Avocado vs Almonds: Nutritional Comparison
Quick answer: Almonds delivers 10.5× the protein per serving (21g vs 2g). Almonds is 419 kcal denser per serving, making avocado the easier fit in a calorie-controlled day. For grams of protein per calorie, almonds wins.
Nutritional Comparison (per serving)
| Nutrient | Avocado | Almonds |
|---|---|---|
| Calories | 160 kcal | 579 kcal |
| Protein | 2g | 21g |
| Carbs | 9g | 22g |
| Fat | 15g | 50g |
| Fiber | 7g | 12.5g |
| Serving | 100g (about 2/3 of a medium avocado) | 100g (about 2/3 cup, ~80 almonds) |
| Category | Fat | Fat |
| Best For | Heart Health, Maintenance, Keto | Snacking, Heart Health, Muscle Gain |
Avocado
Avocados are a nutrient-dense source of healthy monounsaturated fats and fiber. They support heart health, nutrient absorption, and provide lasting satiety.
Key Benefits
- Rich in heart-healthy monounsaturated fats
- High fiber content
- Contains potassium
- Supports nutrient absorption
Best for: Heart Health, Maintenance, Keto
Almonds
Almonds are a nutrient-dense nut providing healthy fats, protein, and essential minerals. They're one of the best snacking options for fitness-minded individuals.
Key Benefits
- High in vitamin E
- Good plant protein
- Heart-healthy fats
- Rich in magnesium
Best for: Snacking, Heart Health, Muscle Gain
Which One Should You Pick?
- For a calorie deficit: Avocado at 160 kcal per serving (saves you 419 kcal vs almonds).
- To hit a protein target: Almonds at 21g per serving (10.5× the avocado option).
- For protein per calorie: Almonds delivers 3.6g of protein per 100 kcal — the more efficient pick if you're tracking macros tightly.
- For satiety/fiber: Almonds (12.5g fiber).
Frequently Asked Questions
Is avocado or almonds better for weight loss?
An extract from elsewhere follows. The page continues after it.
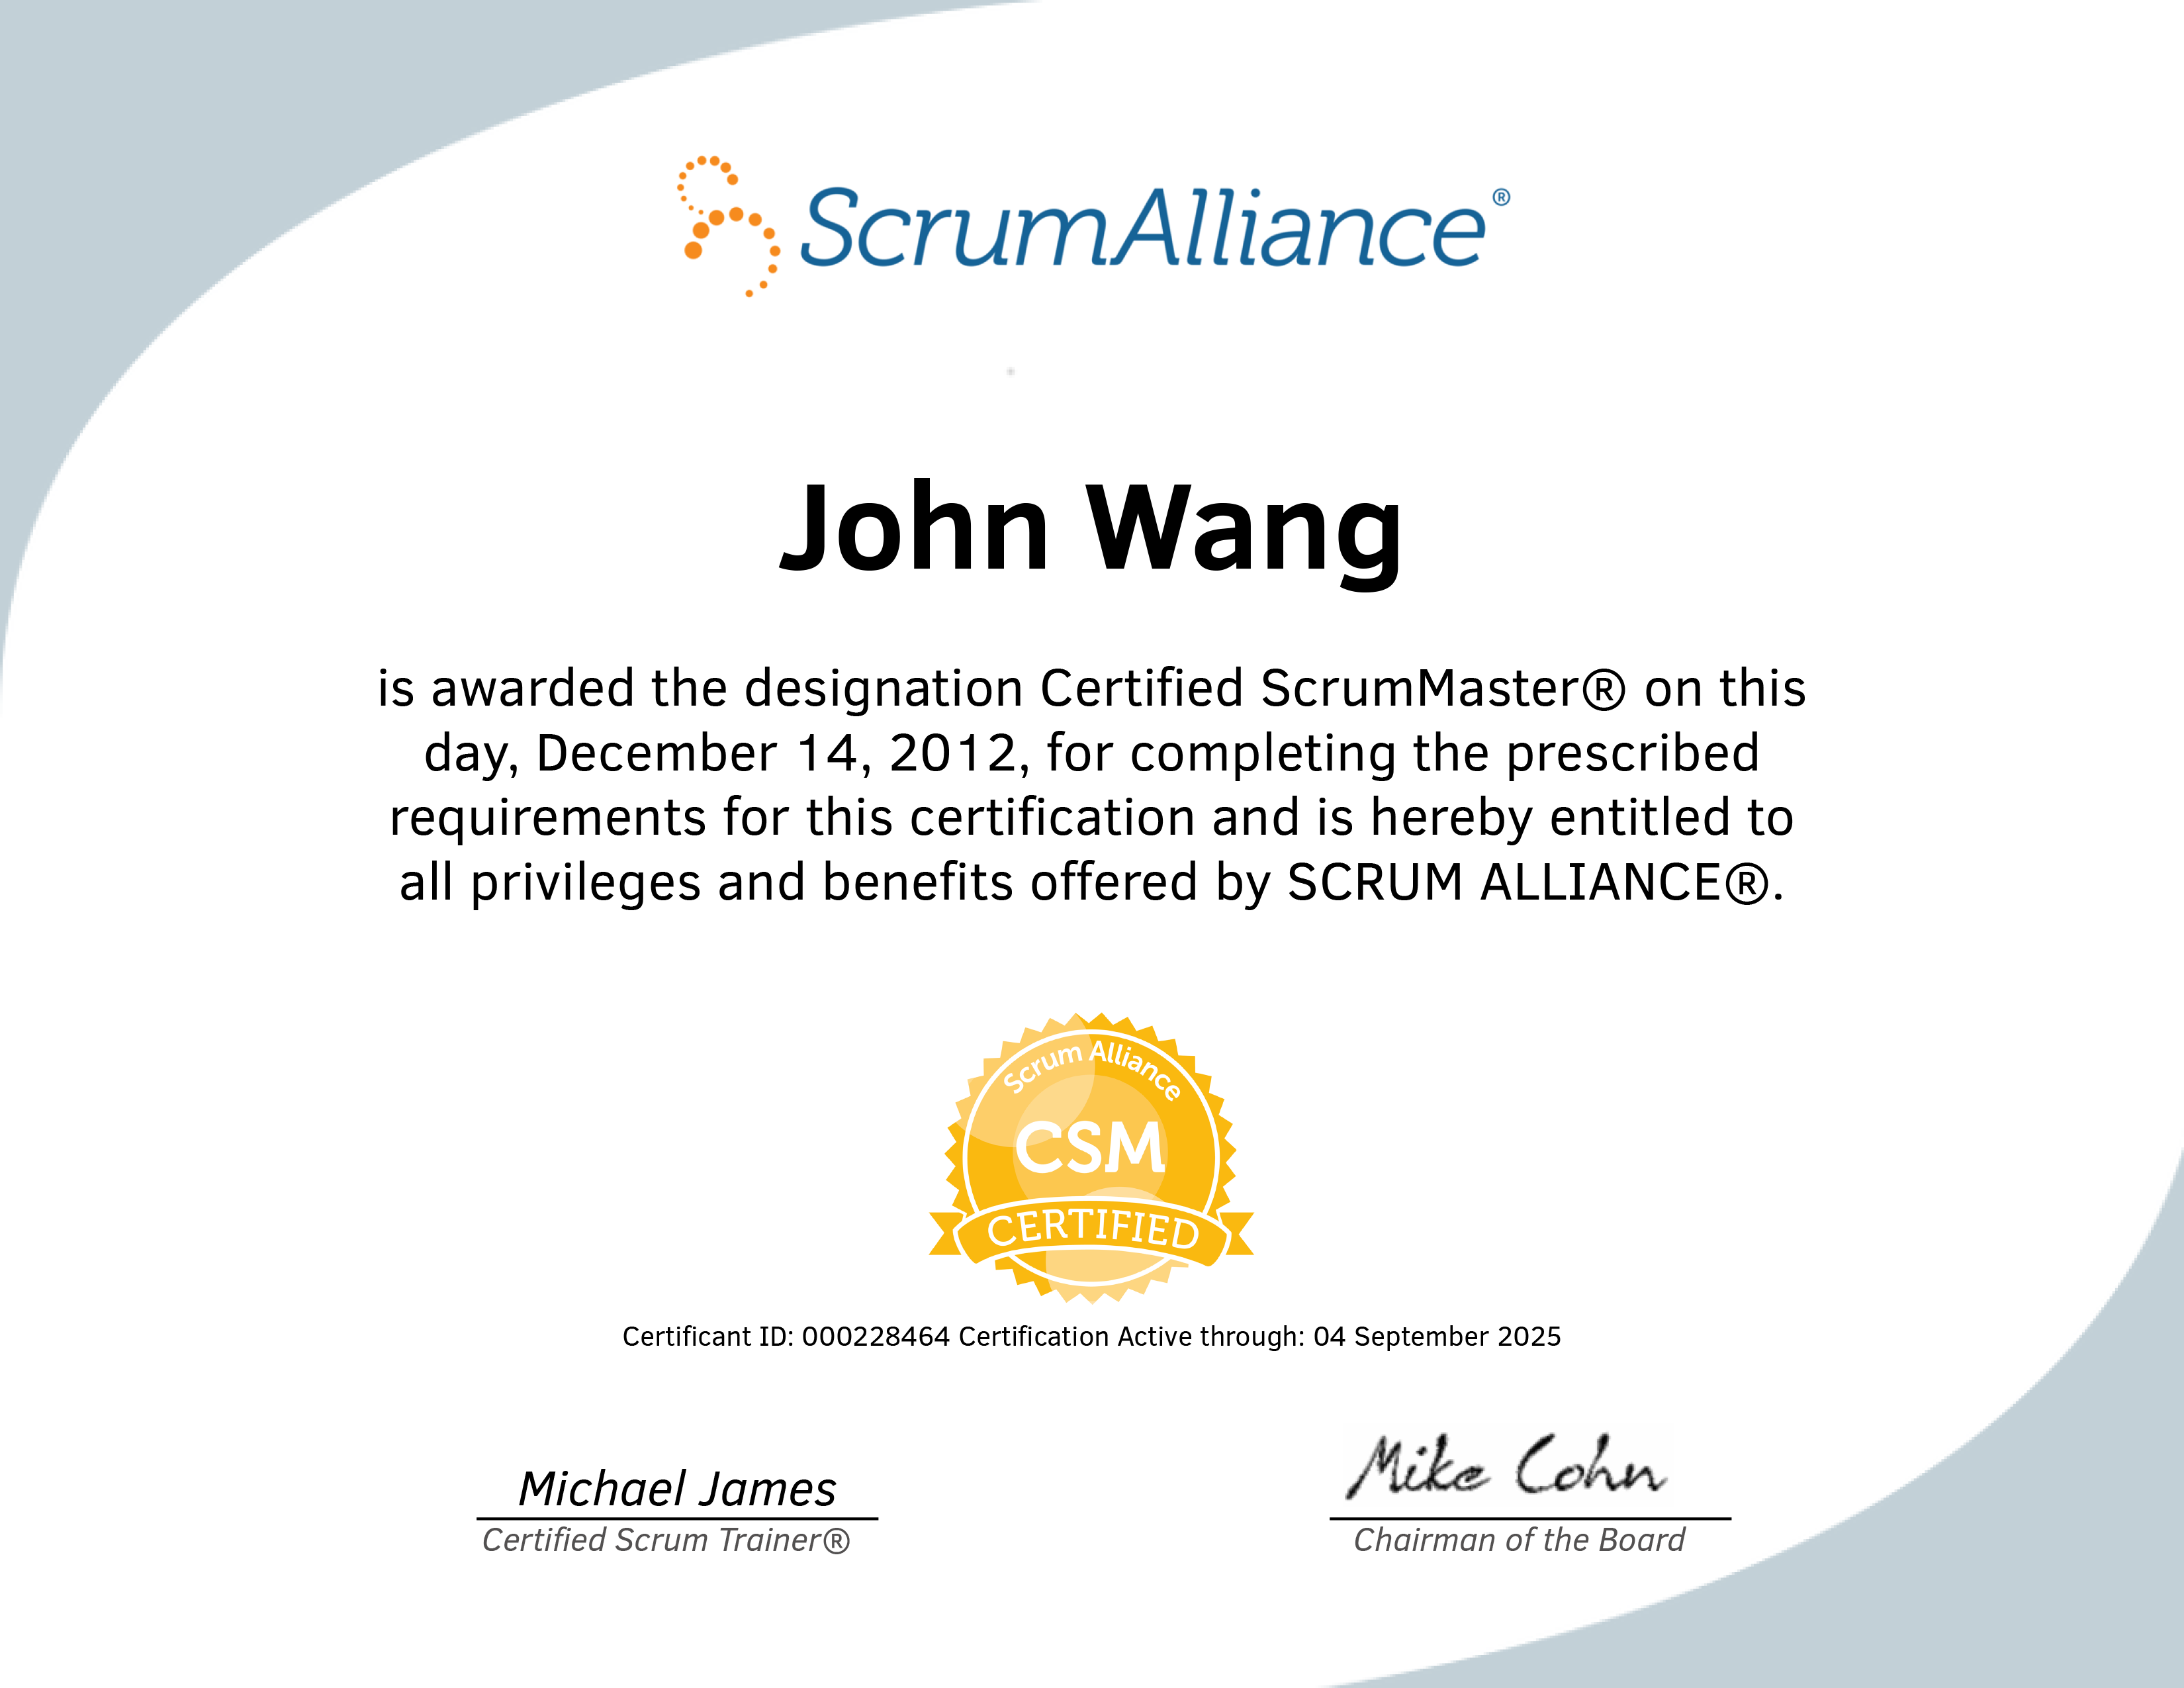 John's Certified ScrumMaster (CSM) from Scrum Alliance
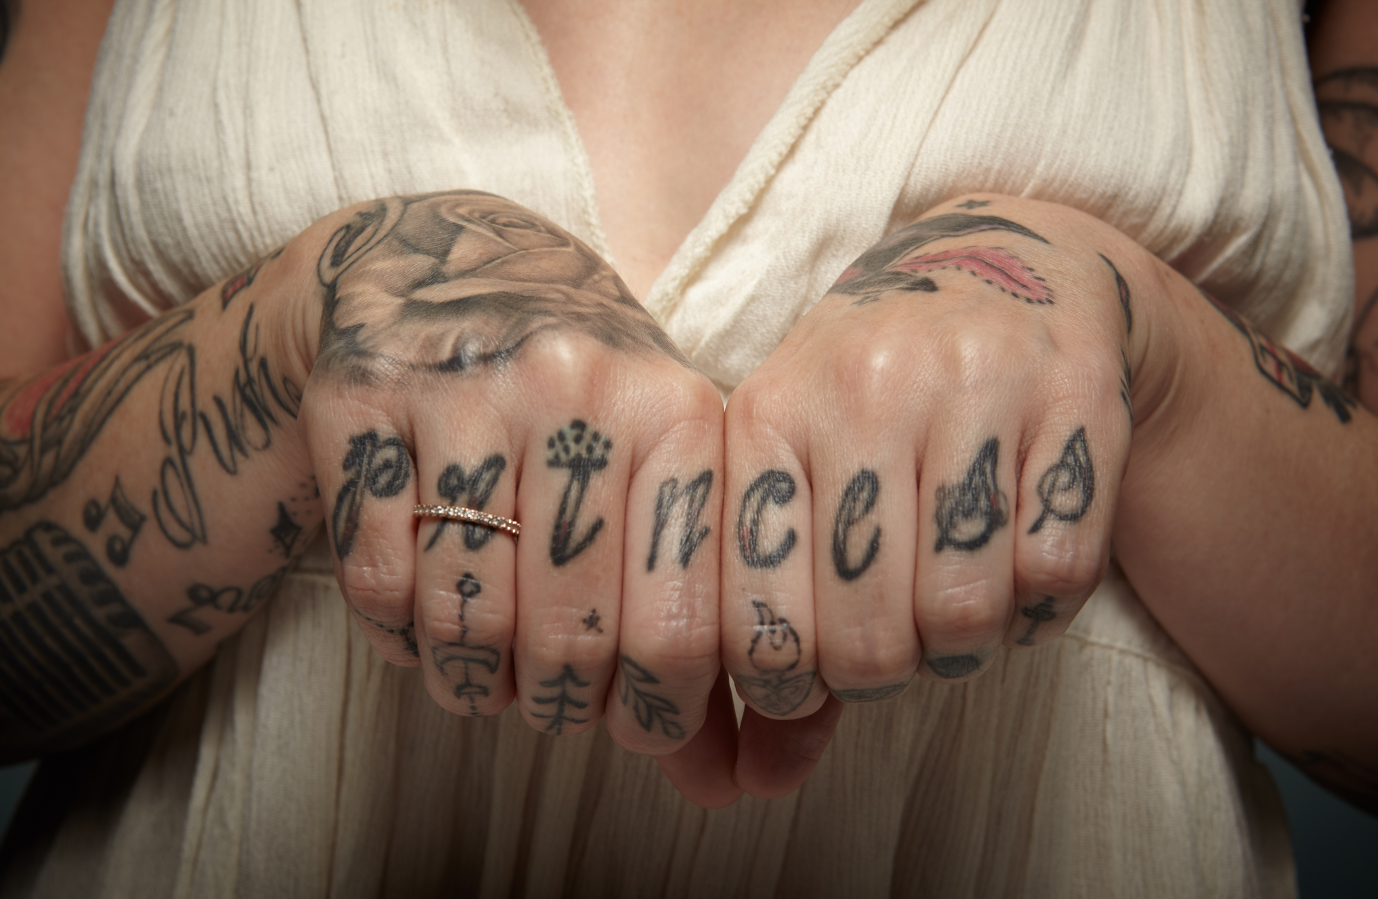 Closeup of Princess Hilla's finger tatoos, spelling out princess

Avocado fits a deficit more easily — 160 kcal per serving versus 579 kcal for almonds. That's 419 kcal you don't have to budget for. Both still work in a weight loss diet at smaller portions.
Which has more protein?
Almonds wins on protein with 21g per serving versus 2g for avocado. Per calorie, that's 3.6g protein/100 kcal vs 1.3g protein/100 kcal — useful context when you're aiming for a high-protein, controlled-calorie day.
Can I eat both in the same meal?
Both are fat sources, so stacking them in one meal duplicates macros instead of balancing them. Rotate across meals or pair each with a different macro category (a protein and a carb source).